One particularly prominent example is Indian classical music: the teaching methods of its two major strands (Hindustani and Carnatic) are almost exclusively oral.

=== In the West ===

Historically, the Western classical music tradition has been based on the process of learning new pieces from musical notation, and hence playing by ear has a lower importance in musical training. Before the widespread use of sheet music, much early medieval Western music was learnt by ear, particularly in monasteries.

However, many teaching methods in this tradition incorporate playing by ear in some form. For instance, "ear training" courses are a standard part of conservatory or college music programs (including use of Solfège), and the Suzuki method, which incorporates a highly developed focus on playing by ear from a very young age.

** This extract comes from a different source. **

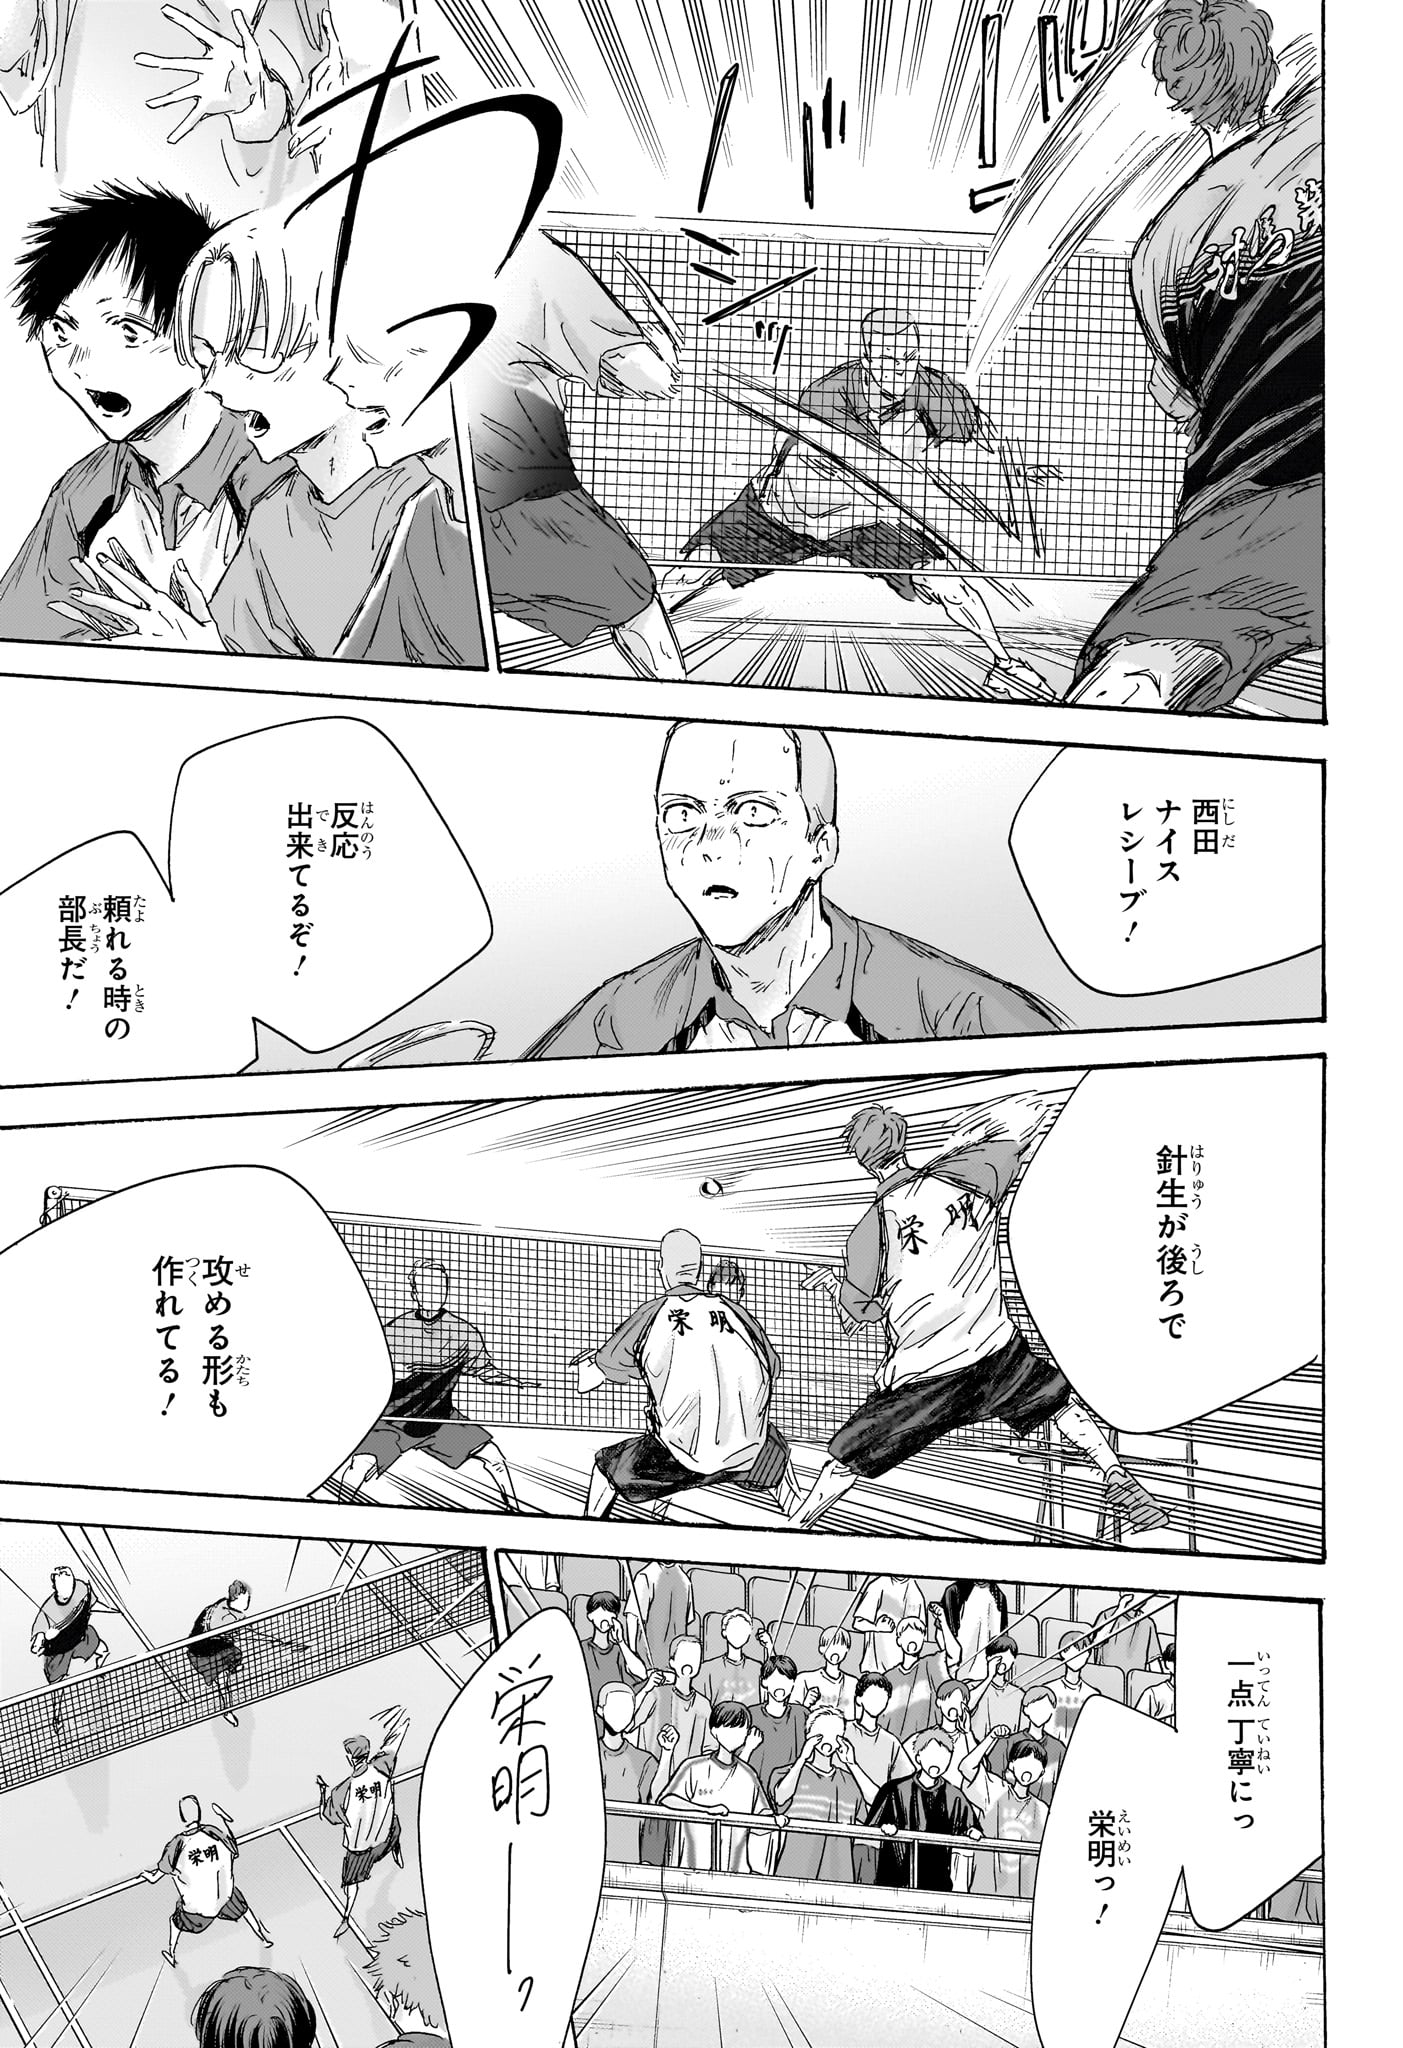 Ao no Hako - Chapter 154 - Page 5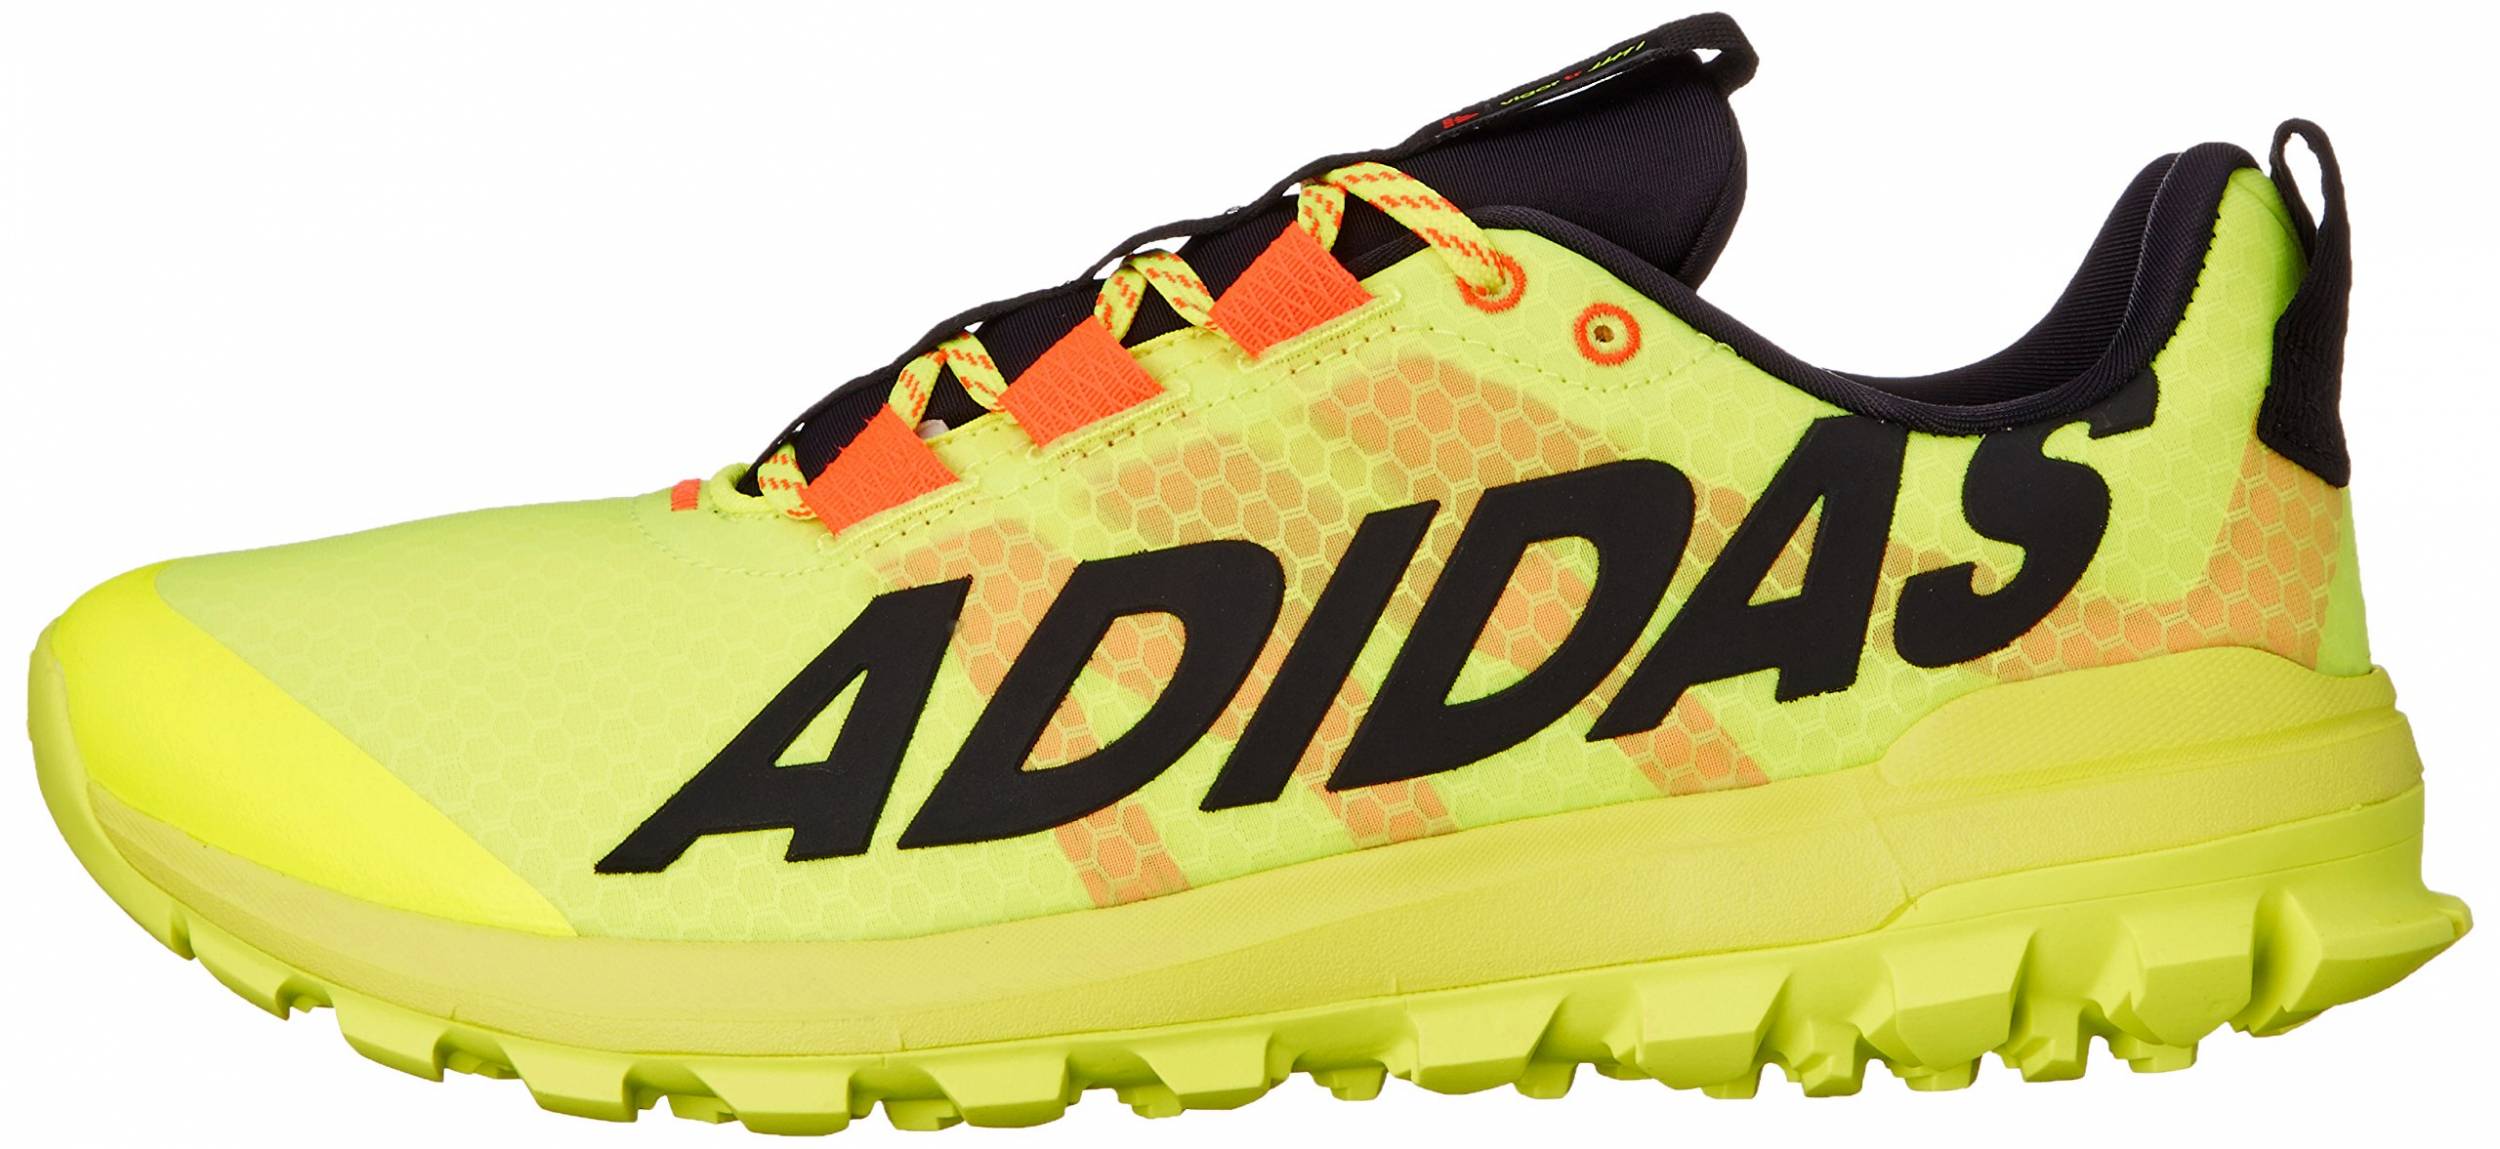 adidas running shoes yellow

In the West, learning by ear is also used heavily in the genres of folk music, blues, rock, pop, funk, reggae, and jazz. While most professional musicians currently active in these genres are capable of reading musical notation, playing by ear is still widely practiced for a number of reasons. Among those are ease and speed of learning songs, flexibility while improvising and playing variations, and working around the limitations of western musical notation.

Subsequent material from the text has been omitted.